Can you click on the individual exons for each?
What happens if you change the CDS
to exon
in your input GFF3? Apollo will recalculate by default, so its better (though not essential) if the input is exon
. There are some options to over-ride this behavior.
Hum, I have this:
WEBAPOLLO_CDS_FOR_NEW_TRANSCRIPTS: "true"

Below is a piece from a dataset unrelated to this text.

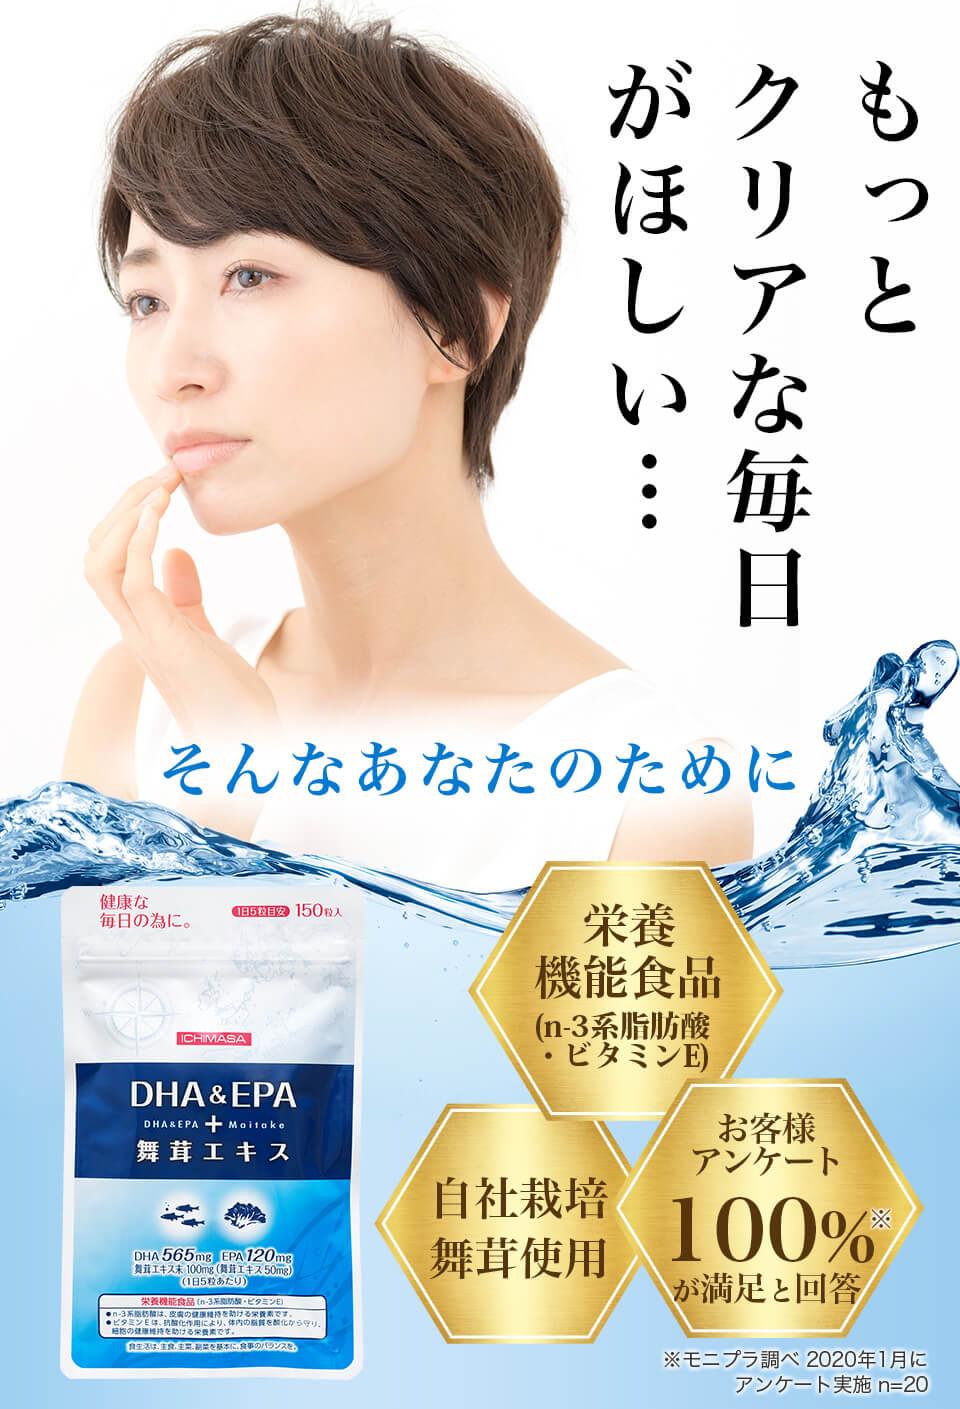 DHA&EPA+舞茸エキス サプリメント n︲3系脂肪酸 ビタミンE お客様 アンケート 100%が満足と回答

WEBAPOLLO_FEATURE_HAS_DBXREFS: "true"
WEBAPOLLO_FEATURE_HAS_ATTRS: "true"
WEBAPOLLO_FEATURE_HAS_PUBMED: "true"
WEBAPOLLO_FEATURE_HAS_GO: "true"
WEBAPOLLO_FEATURE_HAS_COMMENTS: "true"
WEBAPOLLO_FEATURE_HAS_STATUS: "true"
yep
yep
I've just tried, it's the same
I would remove the WEBAPOLLO_CDS_FOR_NEW_TRANSCRIPTS
line.
The default is false. Basically, this tries to use the existing CDS to calculate the new one. By default Apollo always tries to recalculate the most likely CDS based on the largest ORF. The most common use-case is to promote of bunch of existing predicted annotations, preserving their annotations.
If you don't have a good reason for making that true, I wouldn't set it to true.
It's the same when removing WEBAPOLLO_CDS_FOR_NEW_TRANSCRIPTS
By the "same" did you mean, when you created an annotation again after removing the line (or setting it to false) and redeploying it?
If its not too much time, you might want to try explicitly setting it to false, redeploying, and re-create the annotations.
I'll try to take a closer look at it this week or early next.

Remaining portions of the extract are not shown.